Какие еще такие причины у него могут быть? Совесть заела? Считает, что не выполнил поставленных задач? Ну так всё равно отработал же, как полагается – «от» и «до»! Что ж не взять-то?

Черт знает, что! Эти двое сегодня с ума его сведут!

13:43 Кому: Юрец: Не понял! Это что ещё за номер?

Запечатанный желтый конверт, на котором размашисто выведено: «Федотову Л.Г.», после выкинутого с картой фокуса владельца пугает. Он сразу обратил внимание на подпись, но вскрывать не торопился – медлил. Страх одолел, взял за… За горло. Повертев его в руках туда-сюда, Лев интуитивно принял решение, что это читать будет у себя. Только коньячку хряпнет для храбрости – пару рюмок – и…

А может, выбросить от греха подальше?

13:47 От кого: Юрец: Всё, что мне было Вам сказать, я уже сказал. Добавить к этому мне больше нечего. Процветайте.

Уважаемый Лев Глебович,

Нам с Вами так и не удалось найти общий язык в единственном вопросе, имеющем, на самом деле, первостепенное значение. Мы расстались на плохой ноте, диалога не вышло. Тем не менее, я надеюсь, сейчас, когда Вы больше не чувствуете угрозы непосредственного давления, Вы проявите терпение и прочтете это письмо до конца, не выбросите его в урну на полпути, а затем проявите и толику чуткости по отношению к своим родным.
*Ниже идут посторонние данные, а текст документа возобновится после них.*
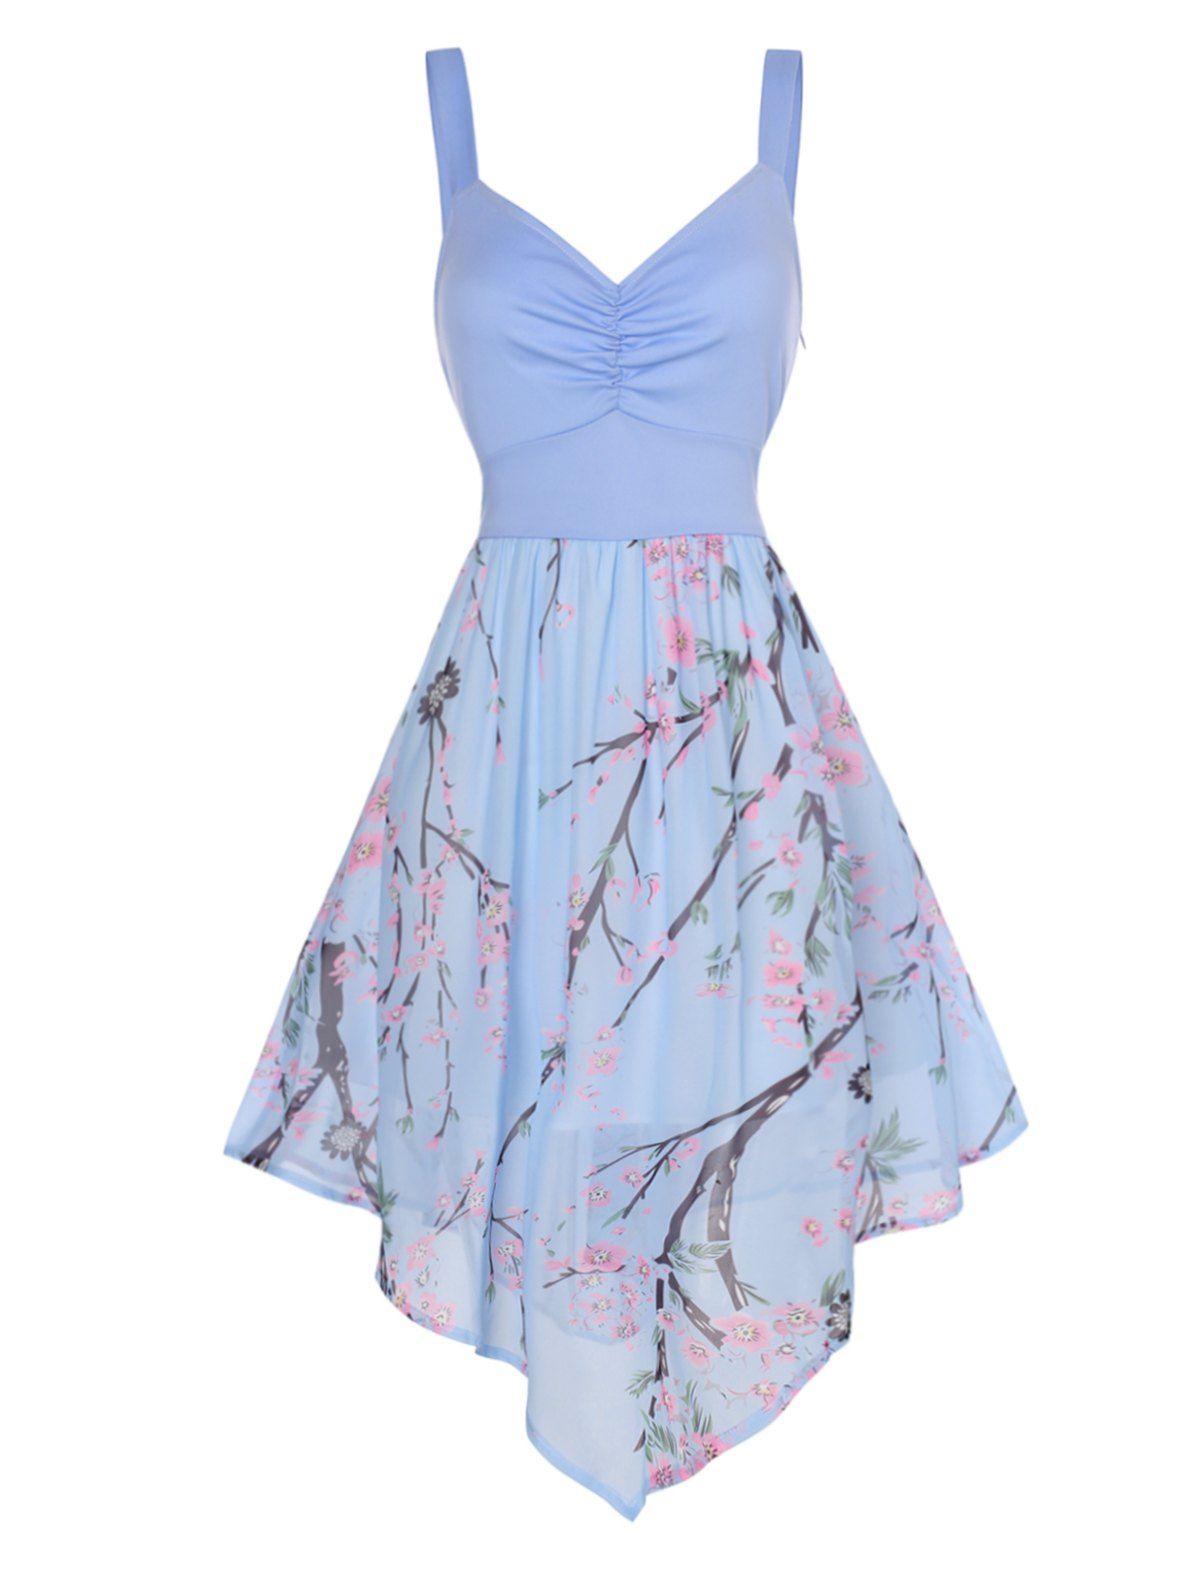 Vacation Chiffon Midi Floral Sundress Peach Blossom Print Ruched Pointed Hem Empire Waist Casual Summer Dress - LIGHT BLUE M

Речь, как Вы, наверное, уже догадываетесь, снова пойдет о Ксении. Точнее, о её состоянии.

Несколько недель назад я обещал Вам разложить по пунктам всё, что с ней происходит. Пожалуйста, отнеситесь к этому внимательно, иначе Вы рискуете потерять свою дочь. В прямом смысле.

Вам неприятно будет об этом узнать, но Ксения успела сделать осознанный выбор касаемо своего замужества, но не успела его озвучить. Предполагаю, что если бы Вы не объявили о заключении сделки с отцом Ивана, она бы разорвала отношения со своим женихом в тот же день. Но Вы её опередили. Ваша дочь и впрямь была очень близка к этому шагу. Не вините её за долгие размышления: порой людям очень сложно разобраться в том, чего же они в действительности хотят от жизни. В её отношениях с Иваном к моменту нашего с Вами знакомства уже произошел серьезный разлад. Я имел возможность видеть и её отторжение ко всему, что так или иначе связано с подготовкой к собственной свадьбе, и тусклый взгляд в минуты примерки платья, и какие-то моменты их общения, говорил с близкими ей людьми – всё указывает на одно.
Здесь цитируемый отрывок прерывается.